*Task objective*:
Copy the data below exactly, but not the pictures it contains.

*Dataset section*:

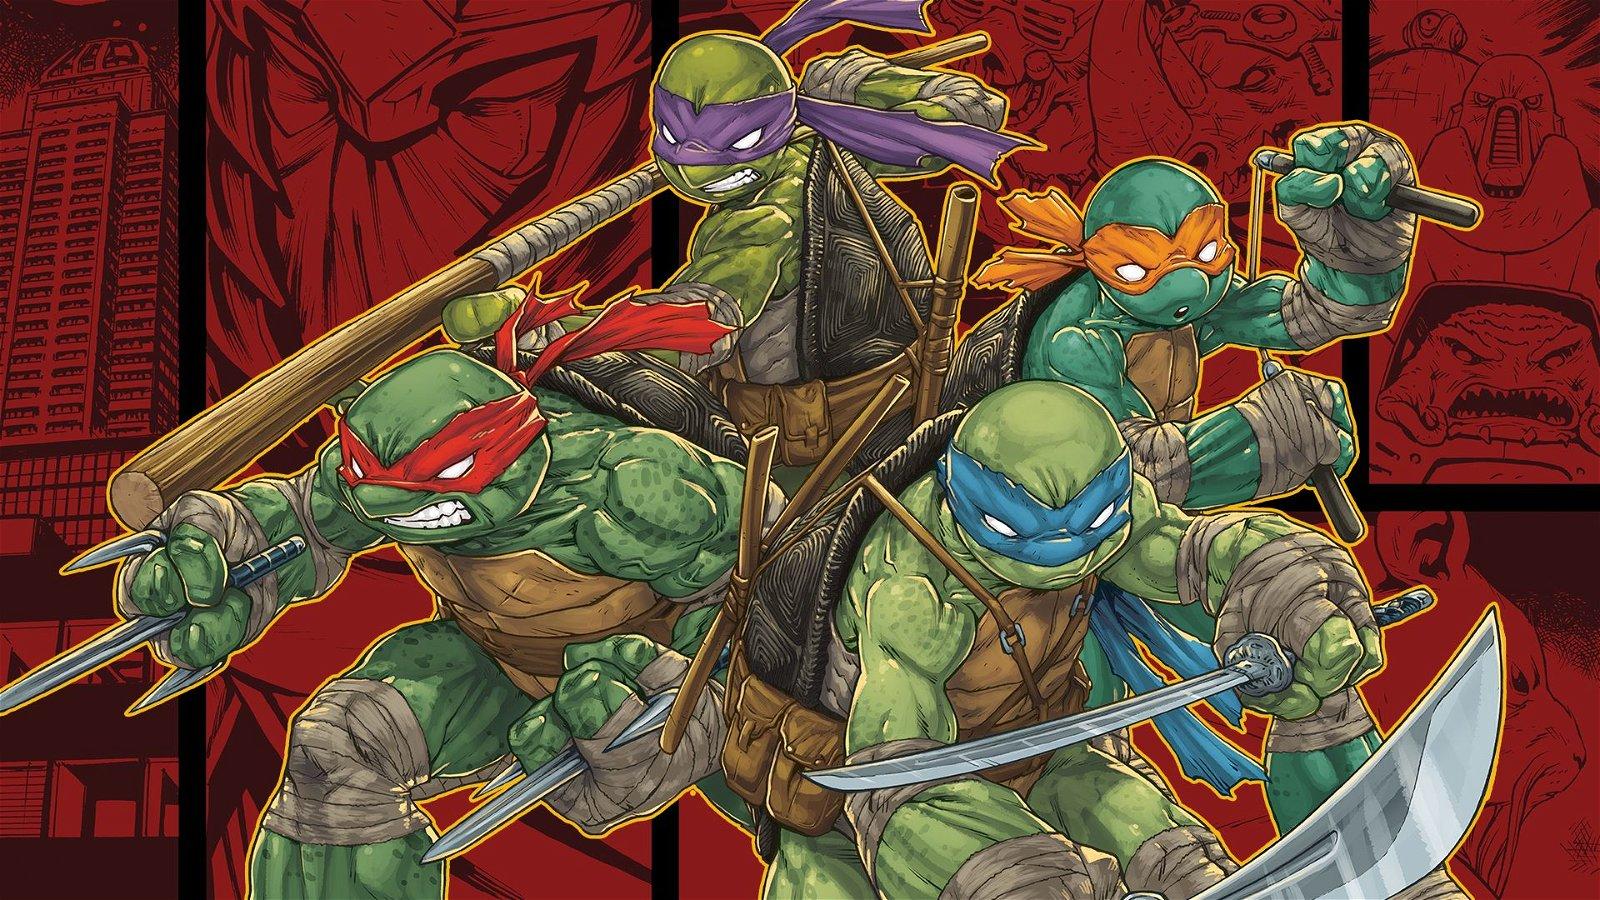 Teenage Mutant Ninja Turtles: Mutants in Manhattan (PS4) Review 9
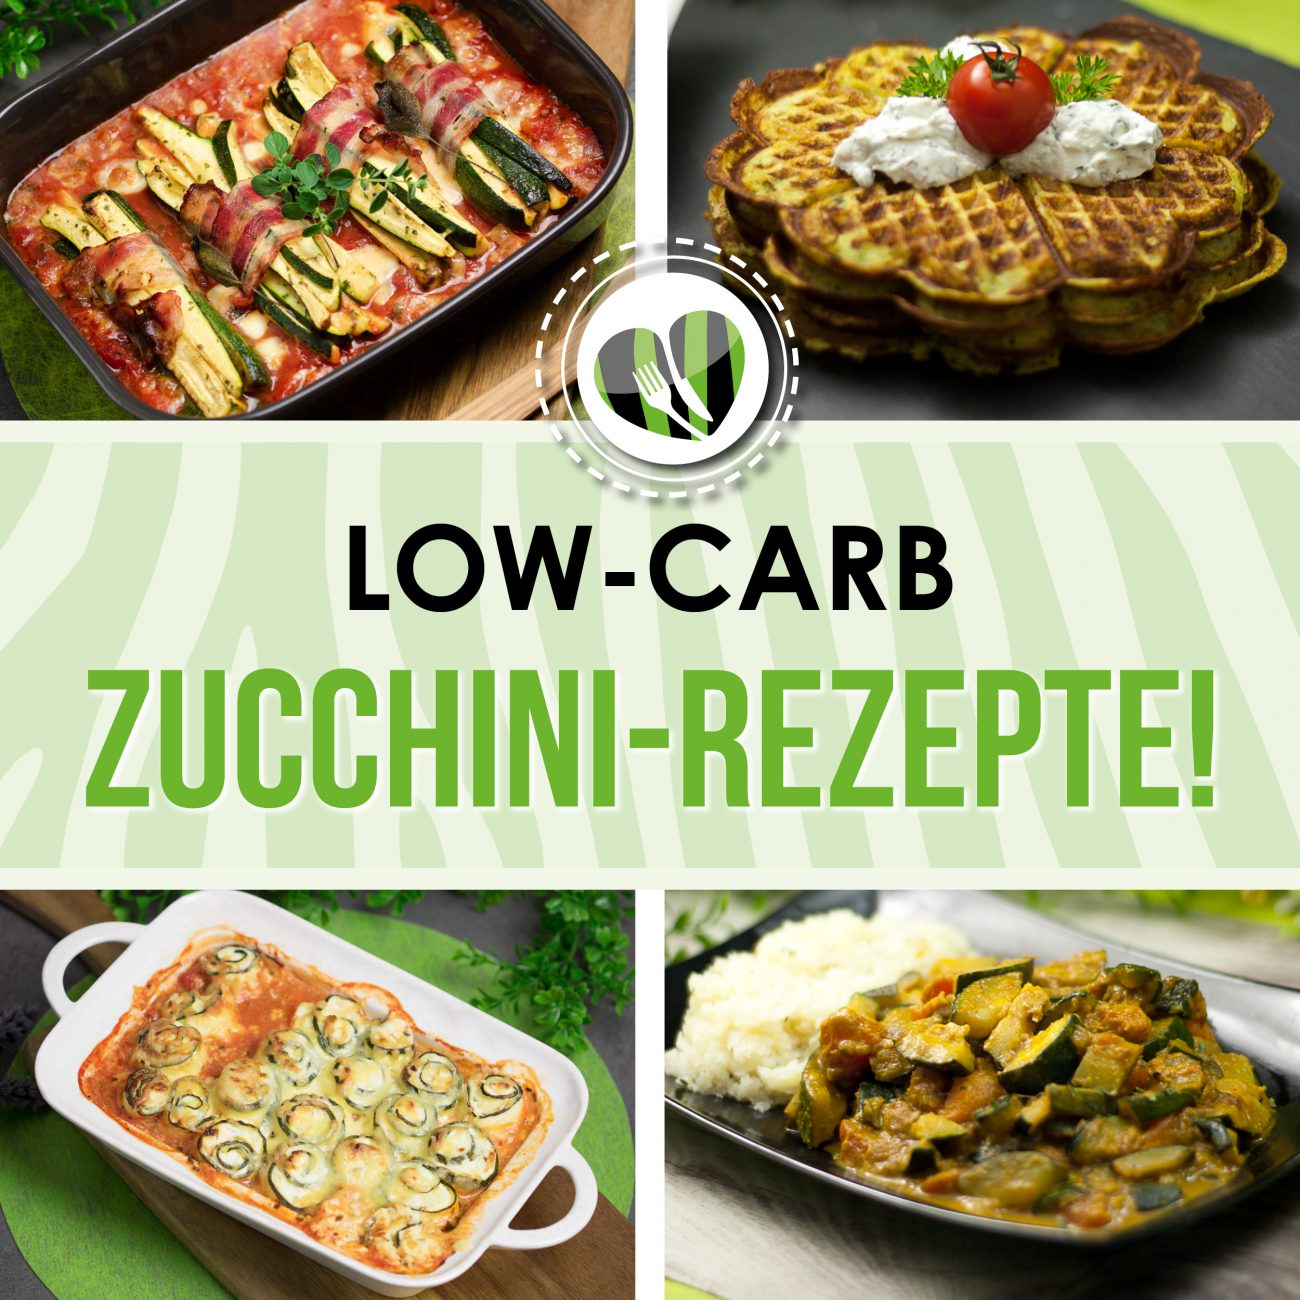 Die Low Carb Zucchini-Rezepte sind lecker und Low Carb.
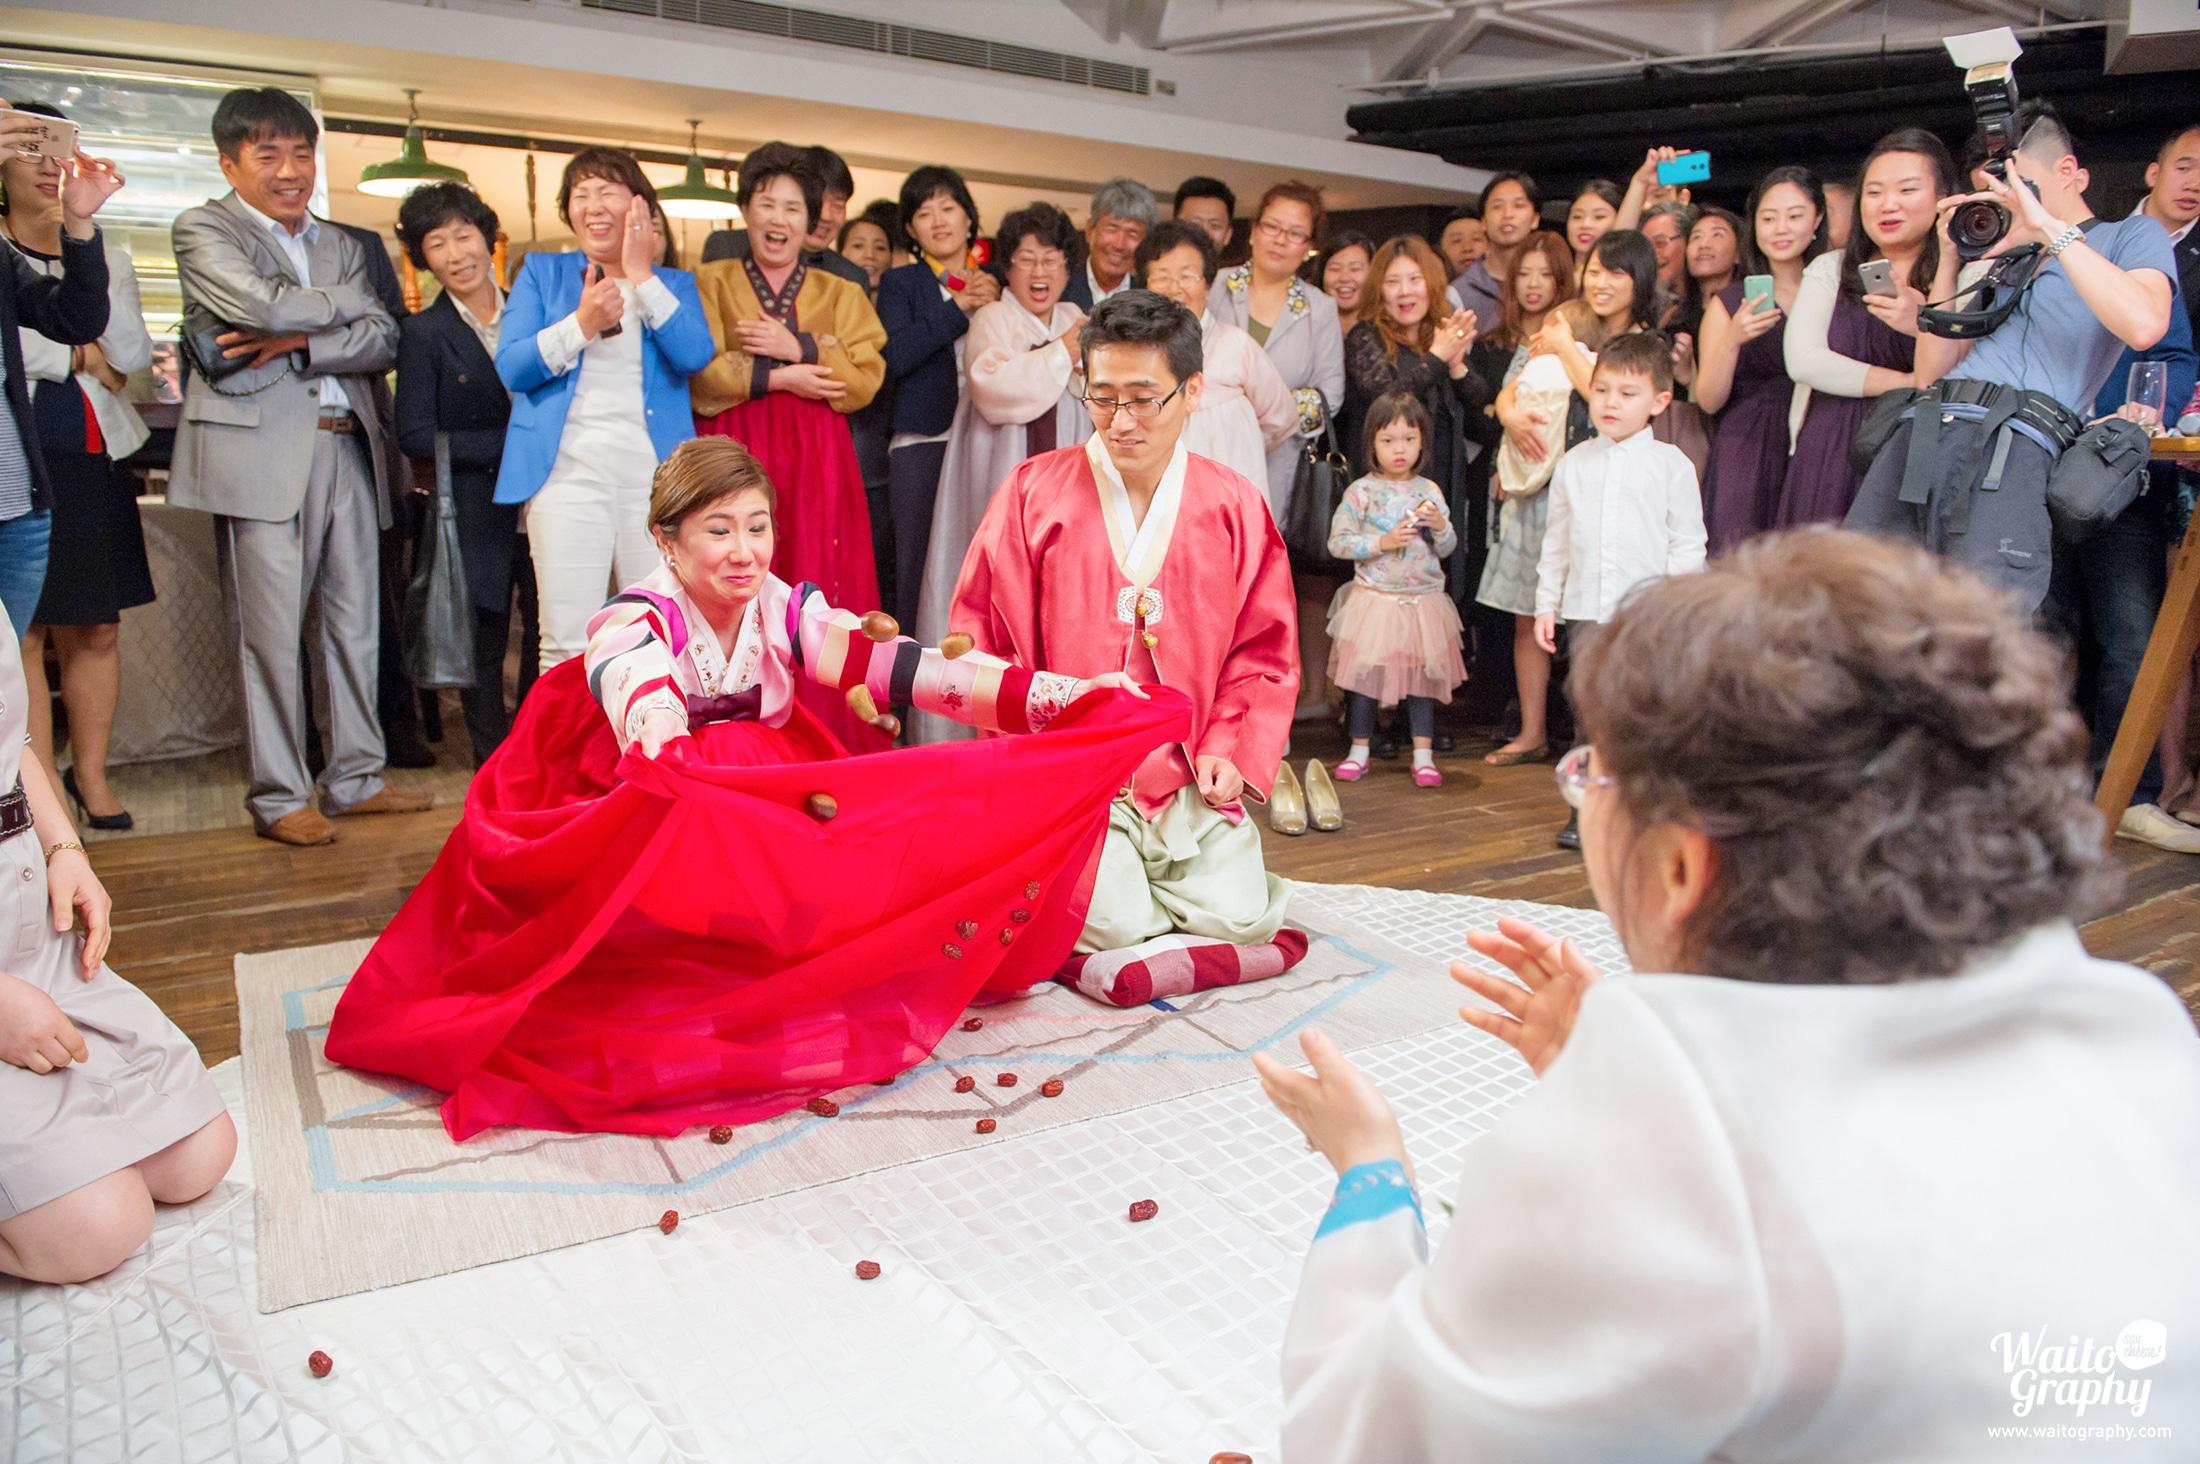 Mary & Heewoo Korean Wedding Day HK Assaggio Trattoria Italiana

*Answer box*:
 Teenage Mutant Ninja Turtles: Mutants in Manhattan (PS4) Review 9
 Die Low Carb Zucchini-Rezepte sind lecker und Low Carb.
 Mary & Heewoo Korean Wedding Day HK Assaggio Trattoria Italiana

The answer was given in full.